Dynorphin-based "release on demand" gene therapy for drug-resistant temporal lobe epilepsy

Abstract

Focal epilepsy represents one of the most common chronic CNS diseases. The high incidence of drug resistance, devastating comorbidities, and insufficient responsiveness to surgery pose unmet medical challenges. In the quest of novel, disease-modifying treatment strategies of neuropeptides represent promising candidates. Here, we provide the "proof of concept" that gene therapy by adeno-associated virus (AAV) vector transduction of preprodynorphin into the epileptogenic focus of well-accepted mouse and rat models for temporal lobe epilepsy leads to suppression of seizures over months. The debilitating long-term decline of spatial learning and memory is prevented. In human hippocampal slices obtained from epilepsy surgery, dynorphins suppressed seizure-like activity, suggestive of a high potential for clinical translation. AAV-delivered preprodynorphin expression is focally and neuronally restricted and release is dependent on high-frequency stimulation, as it occurs at the onset of seizures. The novel format of "release on demand" dynorphin delivery is viewed as a key to prevent habituation and to minimize the risk of adverse effects, leading to long-term suppression of seizures and of their devastating sequel.

Keywords: adeno-associated virus; learning; memory; neuropeptide; seizure.
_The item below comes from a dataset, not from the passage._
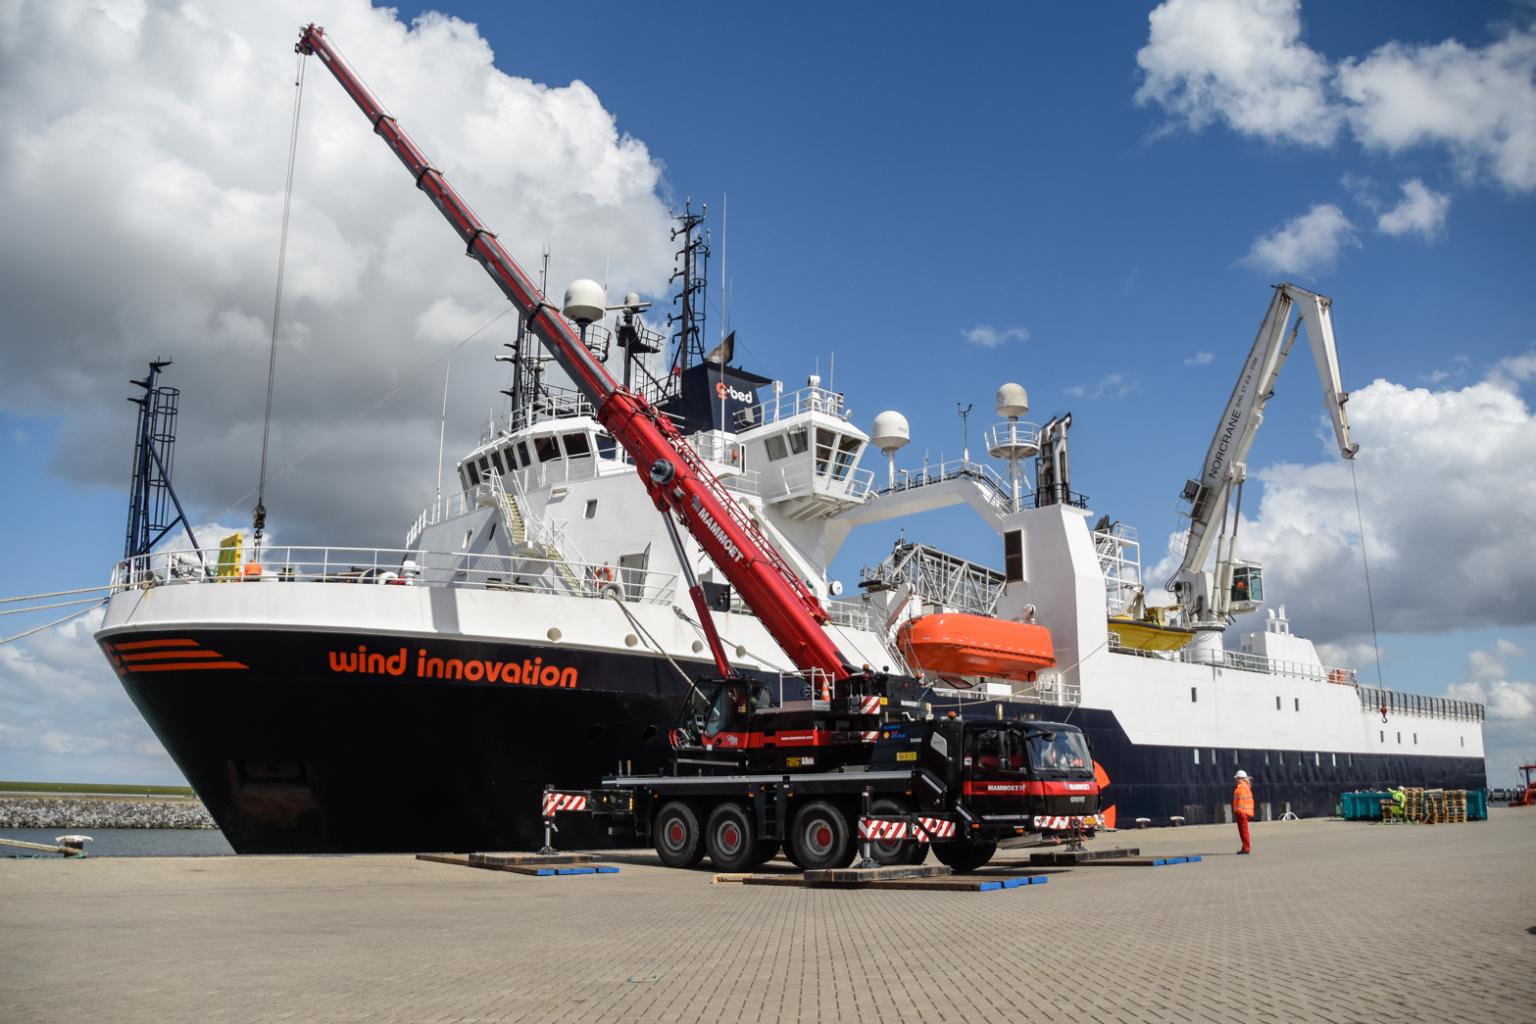 A photo of the Wind Innovation vessel mobilising for Borkum Riffgrund 2 offshore wind farm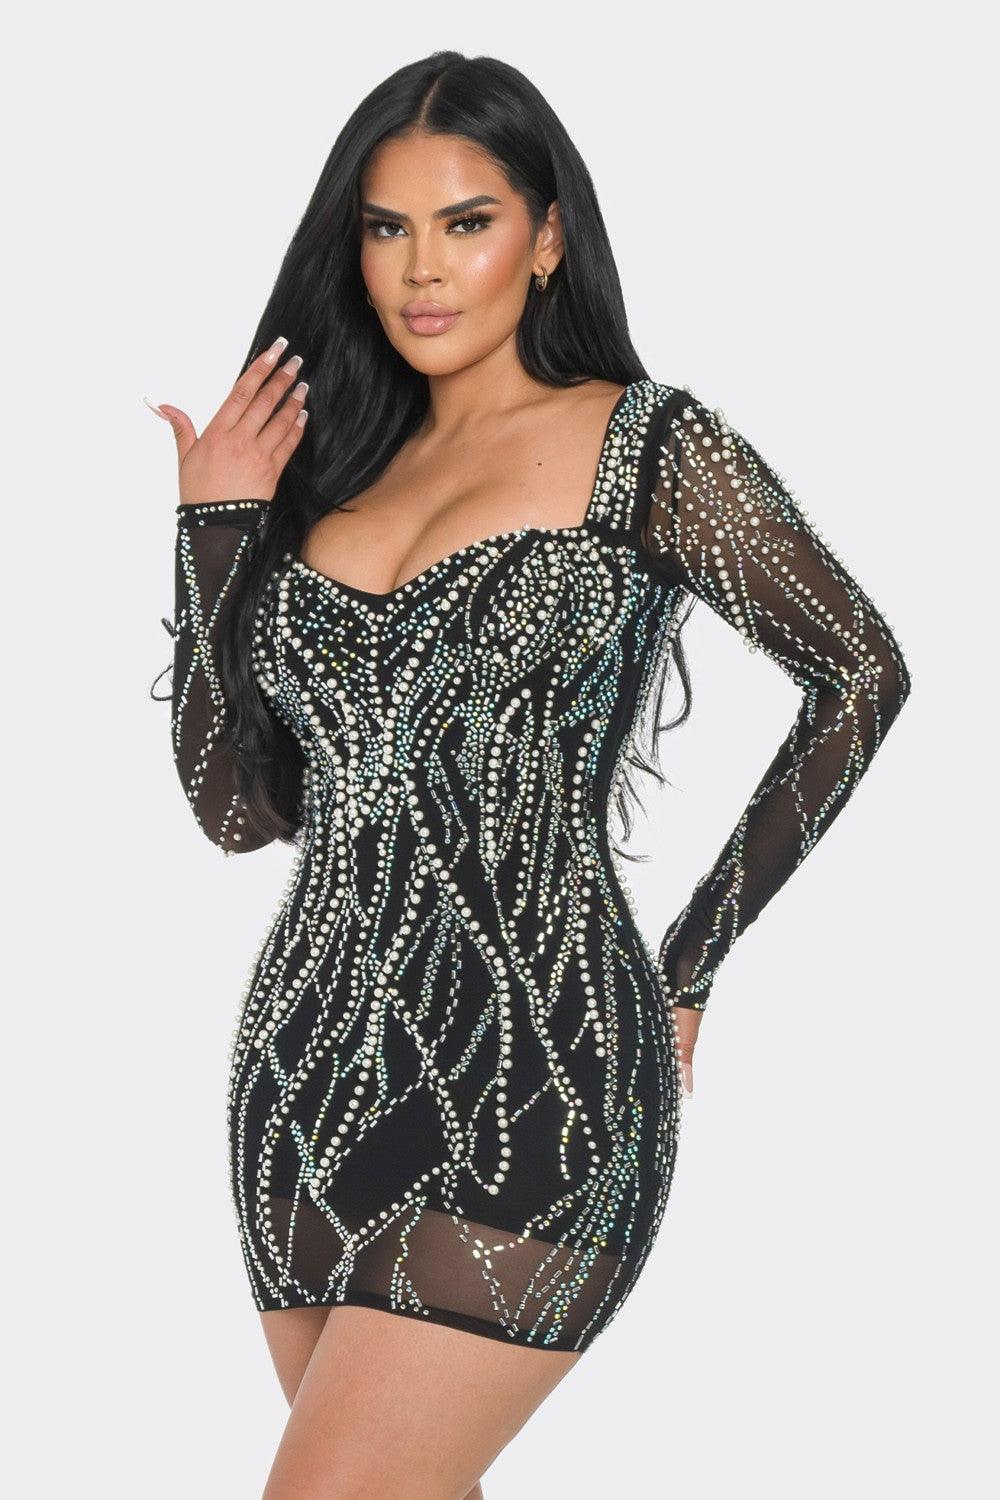 Custom Beaded Mermaid Shimmer Evening Gown With Rhinestone Sheer Detailing  And Jewel Corset Luxury Jewellery, Floor Length For Red Carpet Events And  Celebrity Events From Werbowy, $509.09 | DHgate.Com

Figure 1. Effect of AAV‐pDyn on seizures in mouse and rat models of TLE

1. A

   Displayed (sc)AAV2‐based vector backbones were packaged in AAV serotype 1 capsids. AAV‐ITRs are displayed in gray, and ΔITR refers to the mutated ITR version of scAAVs. The transgene of AAV‐pDyn is a codon‐optimized version of the full‐length human preprodynorphin cDNA enhanced by a WPRE element. Control vectors carry either a truncated, non‐functional version of the enhanced GFP gene (AAV‐ΔGFP), or its functional counterpart (AAV‐eGFP; not displayed).

2. B

   Kainic acid mouse model of TLE: Daily EEG recordings obtained from the epileptogenic focus starting from 1 month after KA injection and spanning the period from 2 days before to 7 days after AAV‐pDyn delivery (2 × 10⁹ gp).

3. C

   Higher time resolution of the indicated section of the Day +1 in (B), representing a hippocampal paroxysmal discharge (HPD). A generalized seizure is depicted in Fig EV1.

4. D, E

   The characteristic EEG features of this model, secondary generalized seizures (bars) and HPDs (lines), were reduced in number and in duration by AAV‐pDyn (red; n = 3 (from day 60); 7 (till day 30) per time interval), but not by AAV‐ΔGFP or after sham treatment (blue; n = 4 (day 90); 5 (day 30 and 60); and 6 (before day 30), per time interval). The relatively high variability of seizure frequencies and duration is typical for this model and reflects the findings in human mTLE. Some animals could not be recorded for the entire period due to loss of implant. **P < 0.01; effect of treatment on HPDs; ^## P < 0.01; effect of treatment on generalized seizures; analyzed by two‐way ANOVA with Bonferroni correction for both number and time.

5. F

   Injection of norBNI (20 mg/kg; i.p.) results in a transient reappearance of HPDs immediately and 24 h after application. One week after norBNI application (washout), suppression of HPDs was re‐established. Data obtained from 4 epileptic animals before (black) and after (red) AAV‐pDyn delivery (2 × 10⁹ gp) are depicted. *P < 0.05; **P < 0.01; one‐way ANOVA for repeated measures with Friedman post hoc test.

6. G

   EEG recordings obtained from the ipsilateral dorsal hippocampus of rats after electrical self‐sustained status epilepticus (SSSE) before (black) and after (red) AAV‐pDyn delivery (4x10⁹ gp) are depicted. Spike trains with a frequency of at least 2.5 Hz induced by SSSE were markedly reduced by AAV‐pDyn (n = 4). *P < 0.05 one‐way ANOVA for repeated measures with Friedman post hoc test.

Data information: Data represent mean ± standard error of the mean.

Figure EV1. EEG trace of a seizure

1. A

   EEG trace of a generalized seizure in a KA‐treated mouse; from top to bottom contralateral hippocampus, contralateral motor cortex and ipsilateral hippocampus.

2. B

   Blow‐up of the EEG trace from the ipsilateral hippocampus in panel (A).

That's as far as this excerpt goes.